◆ **Prompt**
Transcribe exactly everything in the data below from the line containing "95832 Tractor Air" down to the line containing "Faíscas vermelhos Renda", both lines included and nothing further.

------------------------------------

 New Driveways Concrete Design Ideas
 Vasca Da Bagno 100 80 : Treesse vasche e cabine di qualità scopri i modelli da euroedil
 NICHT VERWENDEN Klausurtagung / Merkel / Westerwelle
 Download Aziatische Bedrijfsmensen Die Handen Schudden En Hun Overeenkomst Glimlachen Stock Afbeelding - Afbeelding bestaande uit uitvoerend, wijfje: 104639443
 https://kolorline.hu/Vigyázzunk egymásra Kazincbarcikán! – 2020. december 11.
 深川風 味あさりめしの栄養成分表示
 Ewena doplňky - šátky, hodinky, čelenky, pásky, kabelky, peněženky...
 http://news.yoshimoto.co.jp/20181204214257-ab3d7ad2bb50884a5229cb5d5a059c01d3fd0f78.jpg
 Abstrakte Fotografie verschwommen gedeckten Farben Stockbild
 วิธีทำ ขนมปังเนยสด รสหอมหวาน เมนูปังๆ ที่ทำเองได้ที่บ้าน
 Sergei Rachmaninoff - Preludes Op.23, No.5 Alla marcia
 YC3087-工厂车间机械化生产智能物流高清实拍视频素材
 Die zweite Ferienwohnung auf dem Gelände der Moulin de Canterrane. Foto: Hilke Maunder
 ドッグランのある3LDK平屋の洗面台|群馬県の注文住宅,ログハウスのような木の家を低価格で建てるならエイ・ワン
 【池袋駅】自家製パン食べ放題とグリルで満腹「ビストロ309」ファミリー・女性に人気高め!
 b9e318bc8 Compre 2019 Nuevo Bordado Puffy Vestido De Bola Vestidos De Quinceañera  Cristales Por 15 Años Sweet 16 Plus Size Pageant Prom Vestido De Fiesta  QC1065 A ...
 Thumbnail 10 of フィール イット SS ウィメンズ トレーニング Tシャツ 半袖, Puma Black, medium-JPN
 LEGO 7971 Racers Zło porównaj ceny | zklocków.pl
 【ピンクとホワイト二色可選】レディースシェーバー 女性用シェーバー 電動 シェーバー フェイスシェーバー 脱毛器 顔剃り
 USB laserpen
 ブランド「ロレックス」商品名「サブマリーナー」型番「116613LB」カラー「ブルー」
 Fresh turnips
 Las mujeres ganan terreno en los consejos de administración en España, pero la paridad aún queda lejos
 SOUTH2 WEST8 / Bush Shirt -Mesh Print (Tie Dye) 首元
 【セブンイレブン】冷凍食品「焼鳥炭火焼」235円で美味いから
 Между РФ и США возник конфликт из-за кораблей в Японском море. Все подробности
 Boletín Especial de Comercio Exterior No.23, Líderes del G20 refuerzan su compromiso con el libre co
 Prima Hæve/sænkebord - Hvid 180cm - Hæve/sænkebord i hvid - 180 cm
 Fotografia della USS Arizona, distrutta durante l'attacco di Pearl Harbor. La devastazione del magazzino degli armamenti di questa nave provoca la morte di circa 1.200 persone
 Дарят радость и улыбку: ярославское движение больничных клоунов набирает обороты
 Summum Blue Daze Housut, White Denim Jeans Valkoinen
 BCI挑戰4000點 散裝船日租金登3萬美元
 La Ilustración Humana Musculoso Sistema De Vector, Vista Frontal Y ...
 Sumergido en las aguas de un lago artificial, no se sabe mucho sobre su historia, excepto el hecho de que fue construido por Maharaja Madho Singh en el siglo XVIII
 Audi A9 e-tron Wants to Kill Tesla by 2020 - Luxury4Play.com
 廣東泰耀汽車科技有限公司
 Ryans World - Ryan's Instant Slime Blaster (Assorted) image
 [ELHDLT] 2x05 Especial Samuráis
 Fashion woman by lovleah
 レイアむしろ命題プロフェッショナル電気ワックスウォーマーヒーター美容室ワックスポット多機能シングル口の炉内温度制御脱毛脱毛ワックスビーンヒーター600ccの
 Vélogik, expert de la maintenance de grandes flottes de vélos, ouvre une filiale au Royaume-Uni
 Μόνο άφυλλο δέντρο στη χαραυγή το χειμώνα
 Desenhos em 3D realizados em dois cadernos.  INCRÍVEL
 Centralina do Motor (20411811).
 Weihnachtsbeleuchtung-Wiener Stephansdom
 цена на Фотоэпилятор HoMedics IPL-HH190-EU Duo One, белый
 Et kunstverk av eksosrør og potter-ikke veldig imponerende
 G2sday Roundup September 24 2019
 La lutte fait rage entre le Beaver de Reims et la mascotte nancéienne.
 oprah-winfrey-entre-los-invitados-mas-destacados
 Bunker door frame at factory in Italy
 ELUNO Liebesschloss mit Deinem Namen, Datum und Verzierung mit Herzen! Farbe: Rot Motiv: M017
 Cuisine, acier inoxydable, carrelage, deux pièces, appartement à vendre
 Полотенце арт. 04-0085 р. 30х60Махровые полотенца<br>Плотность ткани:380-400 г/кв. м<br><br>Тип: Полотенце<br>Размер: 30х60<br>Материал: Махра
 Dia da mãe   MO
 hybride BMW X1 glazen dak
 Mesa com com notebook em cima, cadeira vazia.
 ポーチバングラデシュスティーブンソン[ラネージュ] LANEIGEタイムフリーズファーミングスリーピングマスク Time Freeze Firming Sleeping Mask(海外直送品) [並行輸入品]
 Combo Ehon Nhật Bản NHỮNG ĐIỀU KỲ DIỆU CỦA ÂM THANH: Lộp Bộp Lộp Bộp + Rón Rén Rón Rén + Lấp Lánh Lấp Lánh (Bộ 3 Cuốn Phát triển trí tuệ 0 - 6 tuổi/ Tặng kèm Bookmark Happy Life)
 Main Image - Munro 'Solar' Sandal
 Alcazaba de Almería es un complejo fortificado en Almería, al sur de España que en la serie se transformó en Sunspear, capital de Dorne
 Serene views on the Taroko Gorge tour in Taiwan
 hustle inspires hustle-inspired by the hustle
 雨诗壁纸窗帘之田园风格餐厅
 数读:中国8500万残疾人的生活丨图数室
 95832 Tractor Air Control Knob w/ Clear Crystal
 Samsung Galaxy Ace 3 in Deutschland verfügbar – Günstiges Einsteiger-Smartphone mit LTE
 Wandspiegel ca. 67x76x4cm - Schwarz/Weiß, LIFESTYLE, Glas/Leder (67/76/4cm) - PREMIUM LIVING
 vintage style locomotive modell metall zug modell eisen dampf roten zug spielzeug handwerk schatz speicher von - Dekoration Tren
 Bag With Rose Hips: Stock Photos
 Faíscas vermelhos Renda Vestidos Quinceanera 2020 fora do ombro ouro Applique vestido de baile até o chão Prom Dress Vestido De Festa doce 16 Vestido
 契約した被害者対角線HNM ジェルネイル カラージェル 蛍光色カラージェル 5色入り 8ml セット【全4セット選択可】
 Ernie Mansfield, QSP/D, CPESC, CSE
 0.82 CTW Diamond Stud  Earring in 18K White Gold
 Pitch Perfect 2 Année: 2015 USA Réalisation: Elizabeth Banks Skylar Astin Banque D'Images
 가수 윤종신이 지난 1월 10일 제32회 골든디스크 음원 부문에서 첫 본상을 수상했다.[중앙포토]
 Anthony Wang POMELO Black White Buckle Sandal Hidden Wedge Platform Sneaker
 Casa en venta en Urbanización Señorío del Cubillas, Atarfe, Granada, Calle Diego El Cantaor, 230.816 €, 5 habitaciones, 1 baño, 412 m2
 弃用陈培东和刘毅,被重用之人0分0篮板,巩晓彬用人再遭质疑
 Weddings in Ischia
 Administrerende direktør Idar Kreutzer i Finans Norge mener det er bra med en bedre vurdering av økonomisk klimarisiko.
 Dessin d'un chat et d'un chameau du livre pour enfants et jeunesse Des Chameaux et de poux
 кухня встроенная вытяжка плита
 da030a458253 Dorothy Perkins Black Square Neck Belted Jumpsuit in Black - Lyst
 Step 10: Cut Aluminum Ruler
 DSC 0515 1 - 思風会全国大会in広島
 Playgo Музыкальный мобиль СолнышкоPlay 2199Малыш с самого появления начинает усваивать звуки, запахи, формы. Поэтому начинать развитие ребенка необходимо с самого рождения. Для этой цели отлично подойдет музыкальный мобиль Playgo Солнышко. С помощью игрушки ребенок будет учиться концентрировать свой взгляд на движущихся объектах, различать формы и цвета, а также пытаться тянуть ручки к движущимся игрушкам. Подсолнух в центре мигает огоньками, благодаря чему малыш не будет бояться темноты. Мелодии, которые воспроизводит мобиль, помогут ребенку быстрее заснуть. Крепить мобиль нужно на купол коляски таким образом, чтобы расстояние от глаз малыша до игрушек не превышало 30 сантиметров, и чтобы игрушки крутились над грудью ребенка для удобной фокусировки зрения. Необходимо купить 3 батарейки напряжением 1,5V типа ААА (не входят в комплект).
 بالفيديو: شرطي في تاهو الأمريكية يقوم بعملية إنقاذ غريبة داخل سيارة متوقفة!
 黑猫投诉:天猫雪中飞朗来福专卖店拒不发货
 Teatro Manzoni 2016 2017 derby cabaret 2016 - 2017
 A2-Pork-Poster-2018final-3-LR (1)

------------------------------------

◆ **Your response**
 95832 Tractor Air Control Knob w/ Clear Crystal
 Samsung Galaxy Ace 3 in Deutschland verfügbar – Günstiges Einsteiger-Smartphone mit LTE
 Wandspiegel ca. 67x76x4cm - Schwarz/Weiß, LIFESTYLE, Glas/Leder (67/76/4cm) - PREMIUM LIVING
 vintage style locomotive modell metall zug modell eisen dampf roten zug spielzeug handwerk schatz speicher von - Dekoration Tren
 Bag With Rose Hips: Stock Photos
 Faíscas vermelhos Renda Vestidos Quinceanera 2020 fora do ombro ouro Applique vestido de baile até o chão Prom Dress Vestido De Festa doce 16 Vestido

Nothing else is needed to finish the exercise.